In 1999, Humphrey founded Zillionaire.com.

On July 6, 2001, select assets of WMA were sold to Dutch insurance company Aegon for an undisclosed amount and the company was renamed to, what is today, World Financial Group (WFG).

==== World Leadership Group (WLG) and Hegemon Group International (HGI) (2001–present) ====
The assets that Humphrey kept, after the sale to Aegon, were spun-off into a new organization called World Leadership Group (WLG) which was a business that "dedicated to assisting independent entrepreneurs launch their own private business". In 2006, the company moved their headquarters into a 100,000 square foot office in Johns Creek, Georgia.
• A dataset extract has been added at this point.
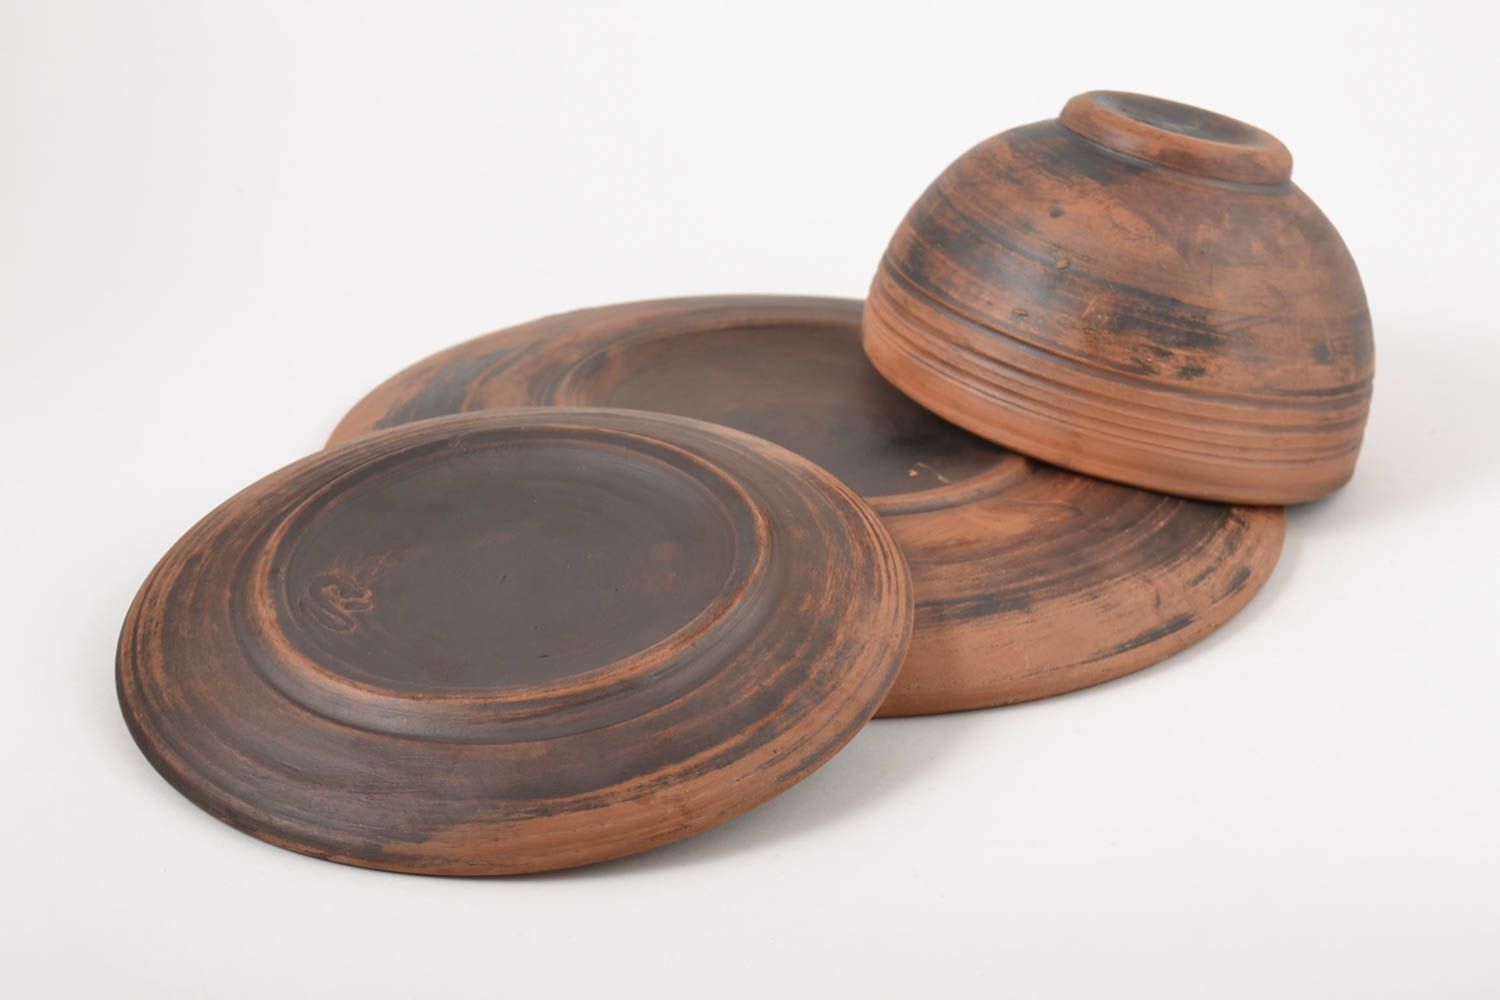 Ceramic designer plates unusual handmade kitchenware 3 stylish lovely plates photo 5

In 2014, Humphrey founded Hegemon Group International (HGI). The business was acquired by Integrity Marketing Group in 2022.

== La Rêve ==
In the early 2000s, Humphrey and his wife built and owned La Rêve (lit. 'The Dream' in French): A three-storey, 47,000 square-foot mansion in Cumming, Georgia. The mansion contained a total of eighty-two rooms all including a garage with up to twelve cars, seventy-two televisions screens, "two-lane bowling alley, private nine-hole golf course,... [a] movie theater modeled after the Fox Theatre (Atlanta)", seventeen bathrooms, two swimming pools, "a replica of the old Central of Georgia Railway", and a "'50s diner with a full service soda fountain and black and white tile floors". The entire construction process costed $35 million.

The couple hosted Mitt Romney in 2007 and the Rotary Club's Lanier-Forsyth chapter. The couple also offered guided tours to the general public.

The property went into foreclosure in 2010 and the couple listed the house, at the same year, initially for $50 million. The estate was sold for $11.5 million.

== Personal life ==
Humphrey married insurance agent Norma Wynelle Patrick on July 26, 1961. They had four children together, among them were sons Jody and Jeffrey. As of 2023, the couple resided in Suwanee, Georgia. Humphrey served as a Bishop in the LDS church.

Humphrey was among the 2,000 supporters to contribute to the Mitt Romney 2008 presidential campaign

Humphrey was inducted to the Entrepreneurship Hall of Fame in 2025.